给定imgIds/catIds/areaRng/iscrowd这几个condition,来筛选出满足条件的ann文件的id,返回ids=[id...],由于annotation包含了img_id、cat_id、area大小、iscrowd这几个信息,所以能够去过滤去满足条件的ann_id。如果什么过滤条件都没给出,那就直接返回dataset中所有的ann文件的id。

4. getCatIds(self, catNms=[], supNms=[], catIds=[])

def getCatIds(self, catNms=[], supNms=[], catIds=[]):                                                 
    """                                                                                               
    filtering parameters. default skips that filter.                                                  
    :param catNms (str array)  : get cats for given cat names                                         
    :param supNms (str array)  : get cats for given supercategory names                               
    :param catIds (int array)  : get cats for given cat ids                                           
    :return: ids (int array)   : integer array of cat ids                                             
    """                                                                                               
    catNms = catNms if _isArrayLike(catNms) else [catNms]                                             
    supNms = supNms if _isArrayLike(supNms) else [supNms]                                             
    catIds = catIds if _isArrayLike(catIds) else [catIds]                                             
                                                                                                      
    if len(catNms) == len(supNms) == len(catIds) == 0:                                                
        cats = self.dataset['categories']                                                             
    else:                                                                                             
        cats = self.dataset['categories']                                                             
        cats = cats if len(catNms) == 0 else [cat for cat in cats if cat['name']          in catNms]  
        cats = cats if len(supNms) == 0 else [cat for cat in cats if cat['supercategory'] in supNms]  
        cats = cats if len(catIds) == 0 else [cat for cat in cats if cat['id']            in catIds]  
    ids = [cat['id'] for cat in cats]                                                                 
    return ids                                                                                        

类似于getAnnIds()函数,getCatIds()过滤条件为catNms、supNms、catIds,返回对应cat/supcat名称的cat_id,如果给定了catIds那就更为直接,就相当于复制了一下。
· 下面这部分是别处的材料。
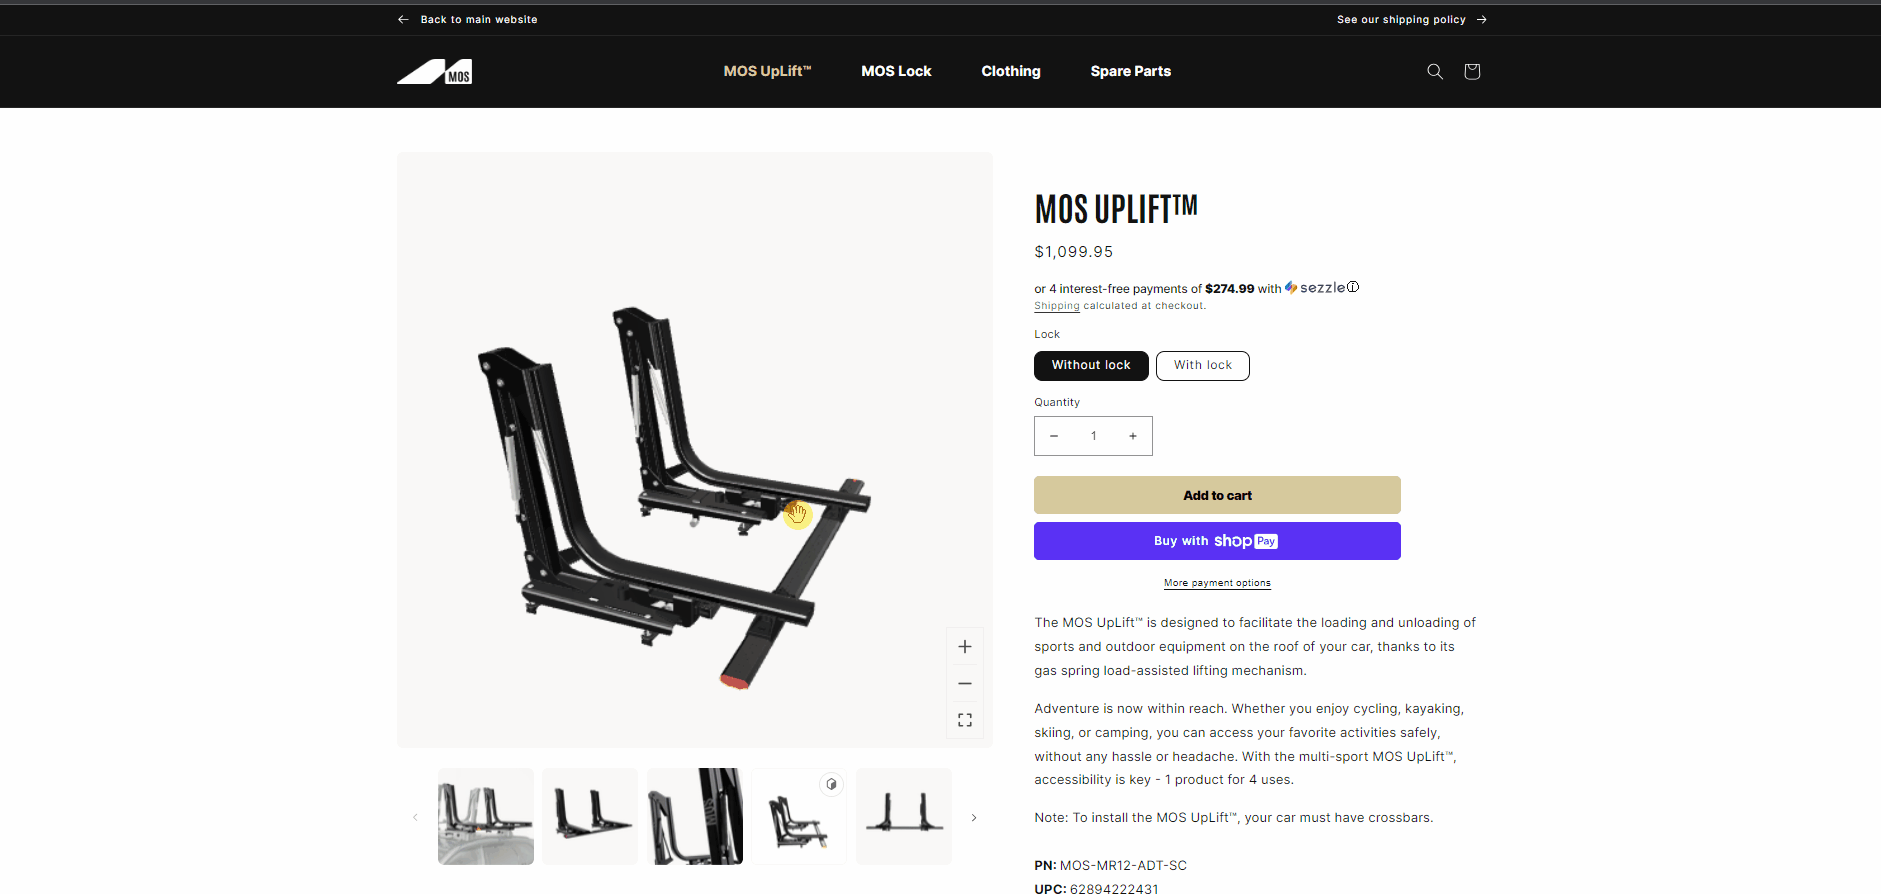 3d model viewer in ecommerce page

如果没有给定任何参数,那么就返回dataset的”categories“中包含的所有cat_id。

5. getImgIds(self, imgIds=[], catIds=[])

def getImgIds(self, imgIds=[], catIds=[]):                        
    '''                                                           
    Get img ids that satisfy given filter conditions.             
    :param imgIds (int array) : get imgs for given ids            
    :param catIds (int array) : get imgs with all given cats      
    :return: ids (int array)  : integer array of img ids          
    '''                                                           
    imgIds = imgIds if _isArrayLike(imgIds) else [imgIds]         
    catIds = catIds if _isArrayLike(catIds) else [catIds]         
                                                                  
    if len(imgIds) == len(catIds) == 0:                           
        ids = self.imgs.keys()                                    
    else:                                                         
        ids = set(imgIds)                                         
        for i, catId in enumerate(catIds):                        
            if i == 0 and len(ids) == 0:                          
                ids = set(self.catToImgs[catId])                  
            else:                                                 
                ids &= set(self.catToImgs[catId])                 
    return list(ids)                                              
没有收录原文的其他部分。